Last night I learned about Network Load Balancing (NLB) which sounds like it's best for webservers and SQL databases. With "client affinity" enabled it can even maintain a session between a single client and a single server in the background (needed for databases). Clustering is only available in 2003 Enterprise ($800+ on eBay) and DataCenter editions. Clustering is more for high availability of changing network resources and requires a single point of storage that all the clustered servers can access. That point is called a quorum (probably a SAN or RAID setup).
Distributed File System (DFS) is used to organize file shares from multiple servers into a single point of access (e.g. a drive letter). It can also replicate data placed in one space into another geographical site (for faster access) or to a different server (for seamless failover/backup). It seems kind of clunky though and I have a hard time envisioning a really good use of DFS apart from fault tolerance for non-clustered file servers.
Registered for Microsoft's second shot offer (valid until January 30, 2008) which gives you one free retake on each $125 exam that you fail. I hope I don't need it!

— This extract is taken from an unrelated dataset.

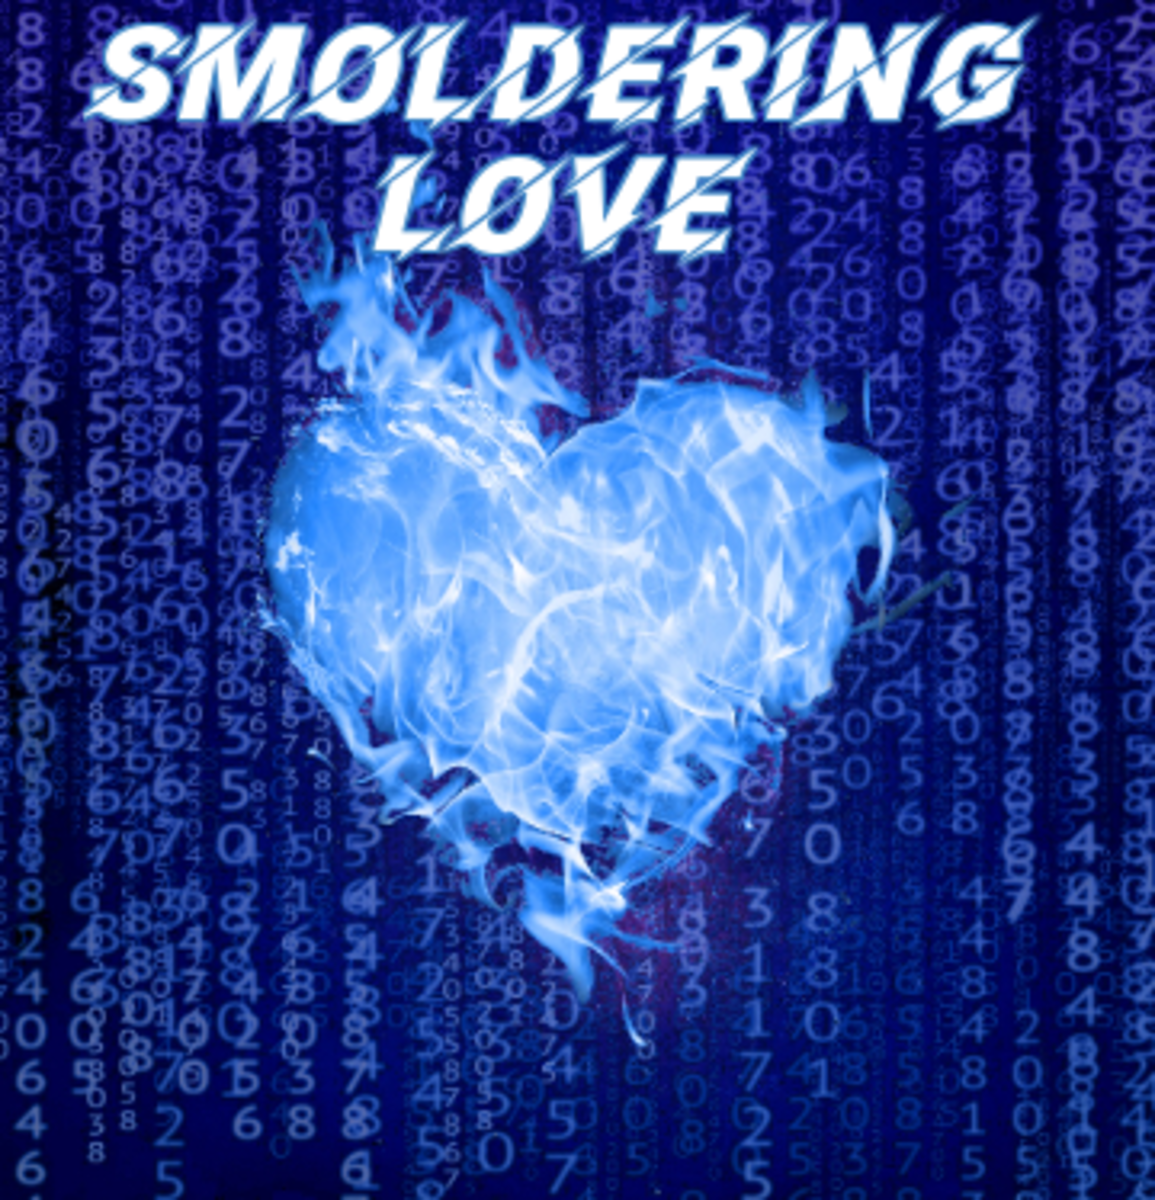 poem-smoldering-love

Helpful thoughts on NLB unicast vs. multicast.
I read about Fibre Channel in Wikipedia & it sounds like it's a bus technology that is just a bit (25%) faster than SATA (and probably a lot more expensive). You would need need 2-3x 1Gb NICs teamed together to completely harness the power of a single SATA drive.
There's no built-in way in Windows 2000/2003 to restrict concurrent domain logins. To address this problem, there's a free utility available from Microsoft and a commercial utility is available from Sonarware.